La Cina evita la lista terroristica ONU, definendo Hamas “parte del tessuto nazionale palestinese” e mediando tra fazioni palestinesi. Tuttavia, nel maggio 2025 l’ambasciatore cinese in Israele ha condannato per la prima volta inequivocabilmente il massacro del 7 ottobre 2023.
Alleati strategici
La Turchia sotto Erdogan è diventata sostenitrice incrollabile di Hamas, descrivendolo come “combattenti della resistenza”. Nel gennaio 2025, migliaia di persone si sono radunate a Istanbul per sostenere la causa palestinese, con il figlio del presidente tra gli oratori.
L’Iran rimane il principale sostenitore, fornendo armi, finanziamenti e addestramento. Secondo fonti israeliane, i finanziamenti erano aumentati a 350 milioni di dollari annui nel 2023, sebbene Hamas riconosca che l’Iran sta “pagando il prezzo” per questo sostegno.
Il Qatar continua a ospitare l’ufficio politico di Hamas e a facilitare negoziati, annunciando un accordo di cessate il fuoco nel gennaio 2025. Tuttavia, affronta crescenti pressioni israeliane per “smettere di giocare su entrambi i fronti”.
La coesistenza di definizioni opposte complica qualsiasi architettura di sicurezza post-Gaza. Il consenso occidentale vede Hamas come attore terroristico da isolare, posizione progressivamente adottata da stati sunniti come l’Arabia Saudita. Dall’altra parte, Turchia, Iran e Russia mantengono rapporti aperti per interessi strategici differenti.
I tentativi franco-sauditi di disarmare Hamas mantenendolo come attore politico rappresentano l’approccio più pragmatico, ma la frammentazione della legittimità internazionale continua a ostacolare sia la ricostruzione di Gaza sia la creazione di un quadro di sicurezza condiviso nella regione.
Quali sono i benefici per il popolo Palestinese?
Il riconoscimento dello Stato di Palestina, pur rappresentando un passaggio di grande importanza simbolica, nella realtà quotidiana dei palestinesi ha un impatto molto limitato sulle condizioni di vita effettive. Questo gesto internazionale, infatti, non si traduce automaticamente in cambiamenti concreti sulla libertà di movimento, sulle condizioni economiche, sull’accesso alle risorse o sulla sicurezza delle persone.

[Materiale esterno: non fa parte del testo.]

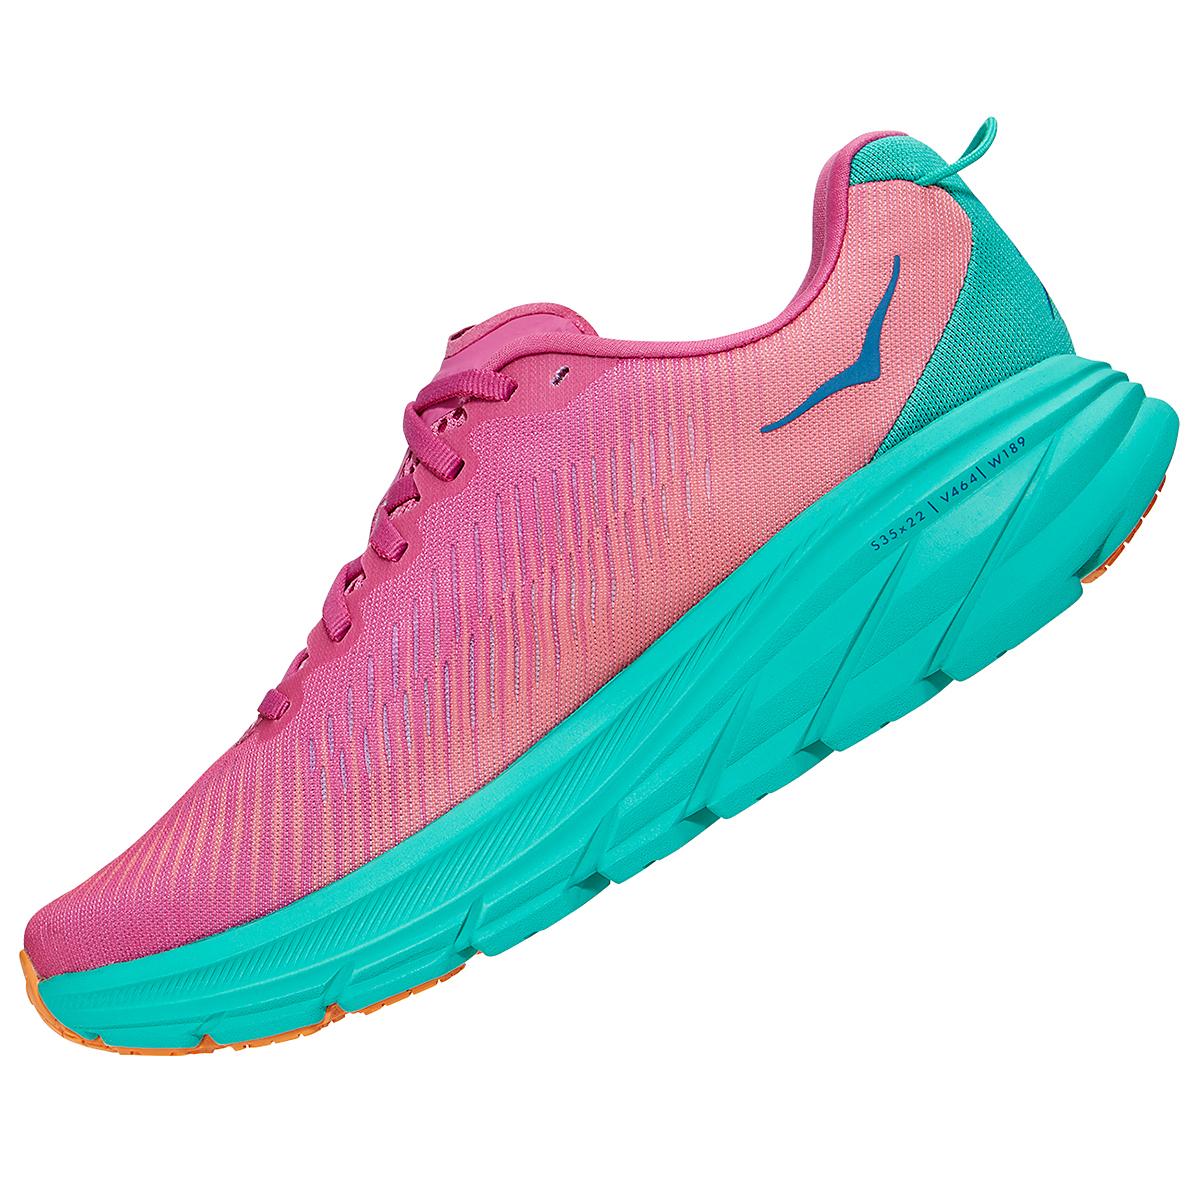 Women's Hoka One One Rincon 3 Running Shoe - Color: Phlox Pink/Atlantis - Size: 5 - Width: Regular, Phlox Pink/Atlantis, large, image 4

Nonostante il riconoscimento da parte di numerosi Stati e l’ammissione della Palestina come “Stato osservatore non membro” all’ONU, permangono tutte le sfide principali: l’occupazione militare israeliana continua sia in Cisgiordania che a Gerusalemme Est, Gaza rimane sotto blocco, i confini non sono definiti e le divisioni politiche interne fra Hamas e Fatah ostacolano la governance efficace. Le restrizioni ai movimenti e agli scambi, la precarietà economica e la carenza di infrastrutture essenziali non hanno subito miglioramenti diretti in seguito a questi riconoscimenti internazionali.
Il riconoscimento dà forza alla causa diplomatica palestinese, ma non comporta un controllo reale del territorio, della sicurezza o delle risorse. L’autorità palestinese non ha potere su molti aspetti essenziali del governo di uno Stato: la possibilità di siglare accordi commerciali autonomi, di amministrare le frontiere o di garantire la protezione dei propri cittadini resta estremamente limitata. Senza una soluzione politica condivisa con Israele e senza il supporto concreto della comunità internazionale nelle questioni chiave (come l’accesso alle risorse idriche, la libertà di movimento o la ricostruzione di Gaza), il riconoscimento da solo non basta a cambiare la realtà quotidiana delle persone.
Per questo motivo, pur rappresentando un passo avanti nella legittimazione politica e simbolica, nella pratica il popolo palestinese continua a vivere una situazione fatta di incertezza, restrizioni e mancanza di prospettive reali di sviluppo. Il riconoscimento internazionale, senza misure concrete che portino alla fine dell’occupazione e al raggiungimento di un vero Stato indipendente, rimane soprattutto un fatto simbolico.